**YOUR OBJECTIVE:** Your answer must be the data repeated exactly, with no pictures in it.

**DATA BLOCK:**
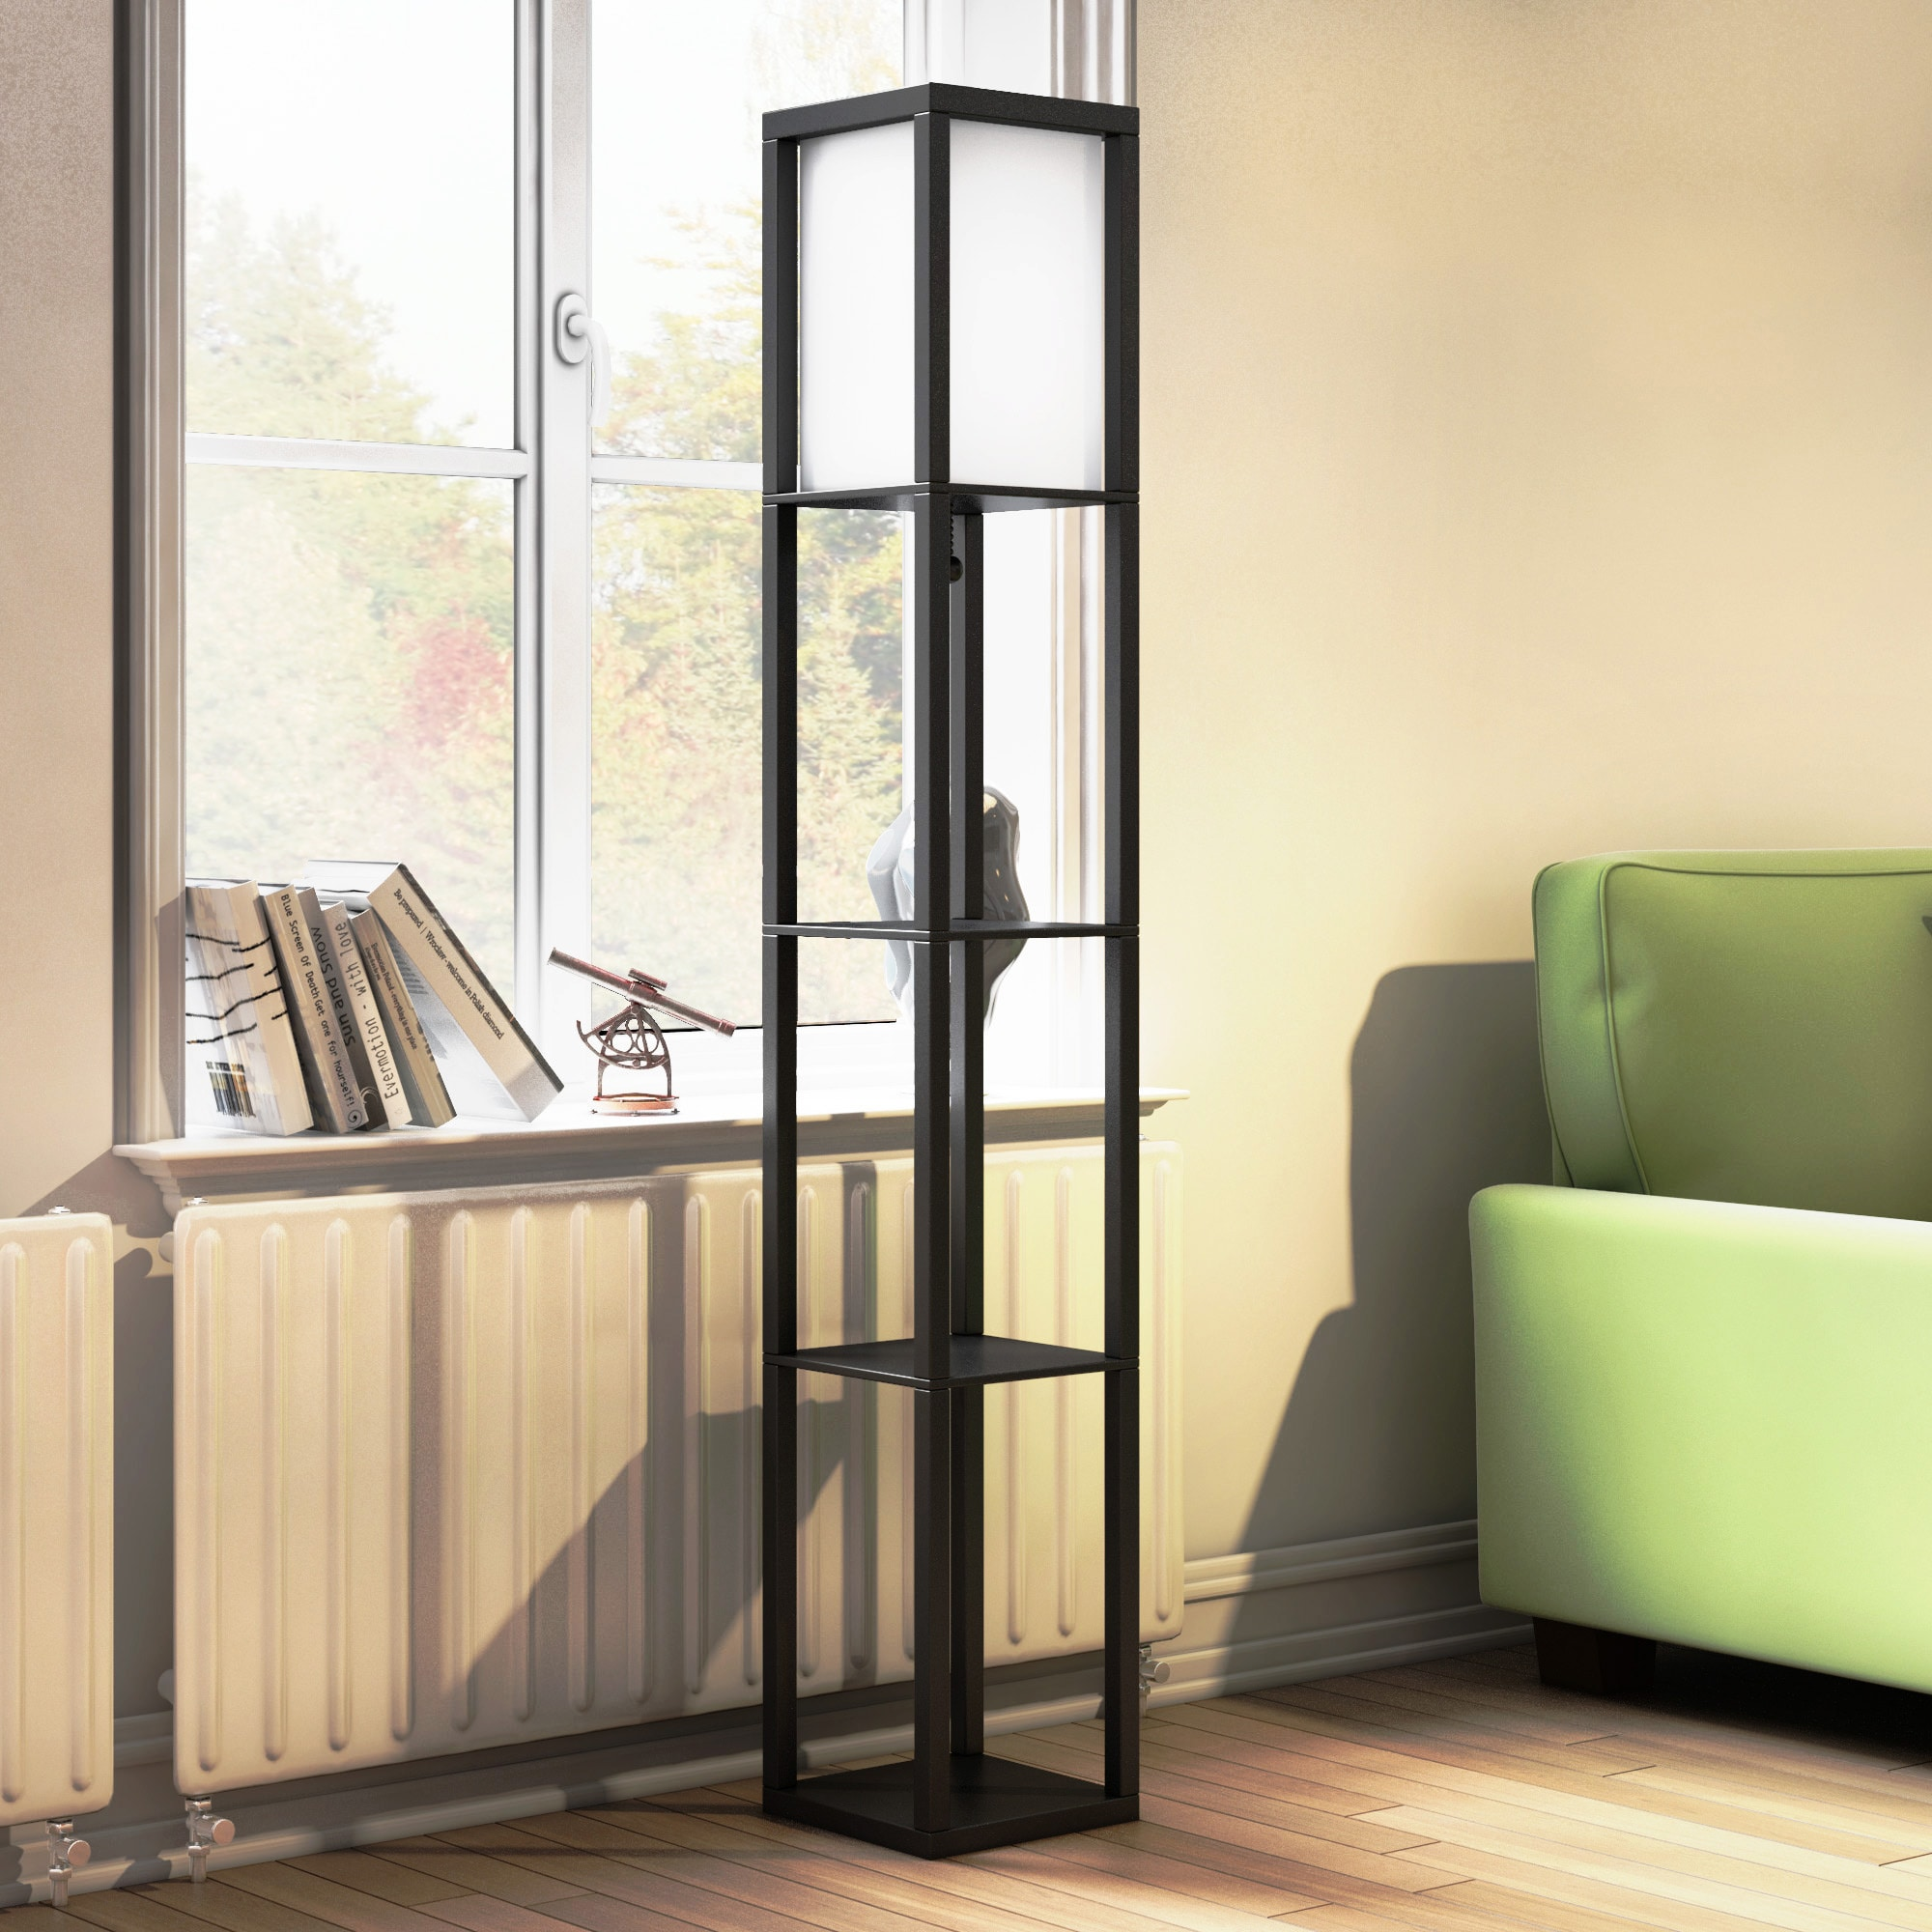 shelf base with shelves and lamp animal floor decoration lamps decofurnish glass
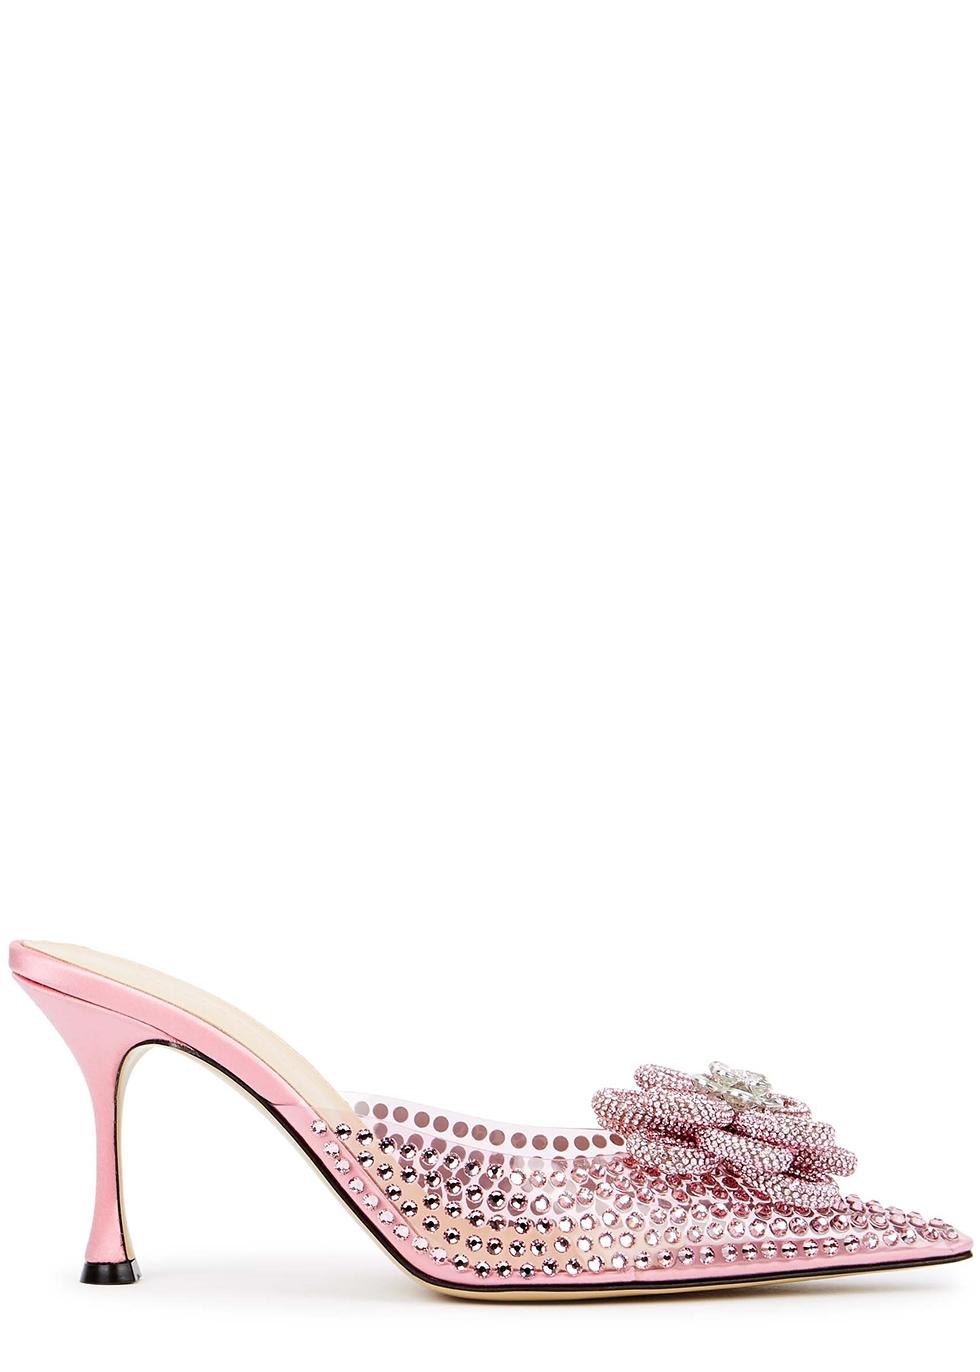 85 pink crystal-embellished PVC mules
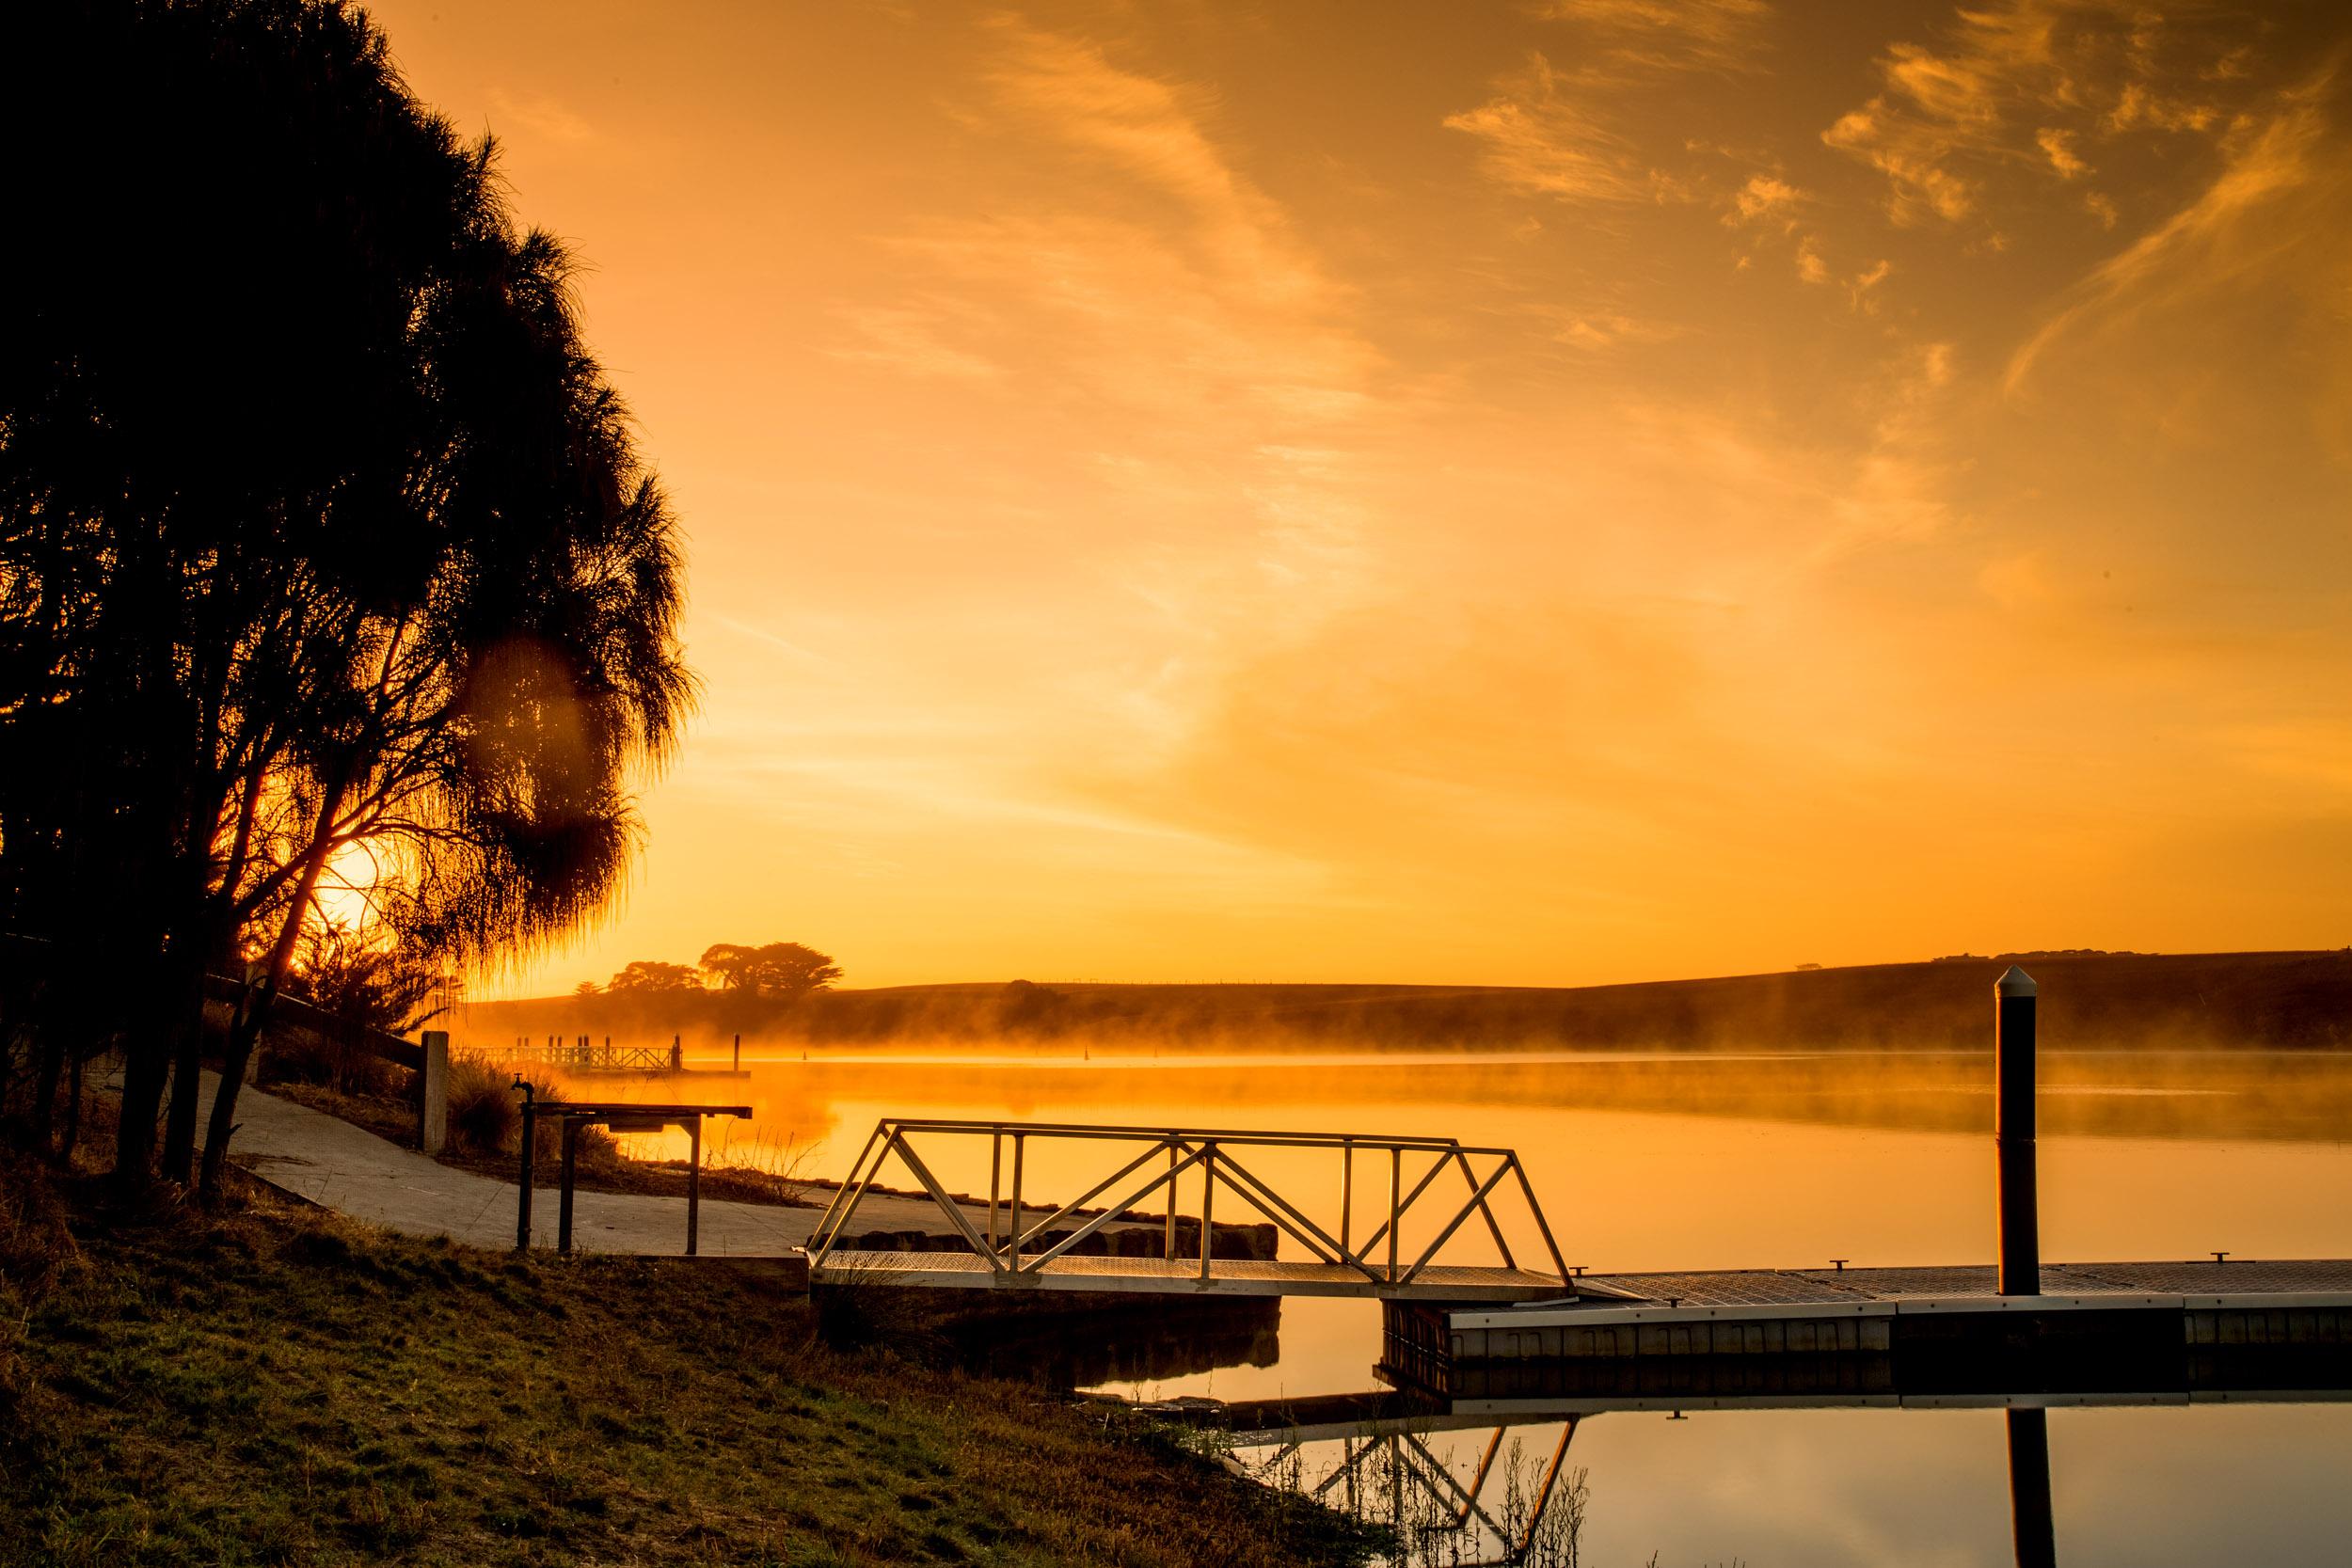 sunrise-hopkins-river-victoria.jpg

**YOUR RESPONSE:**
 shelf base with shelves and lamp animal floor decoration lamps decofurnish glass
 85 pink crystal-embellished PVC mules
 sunrise-hopkins-river-victoria.jpg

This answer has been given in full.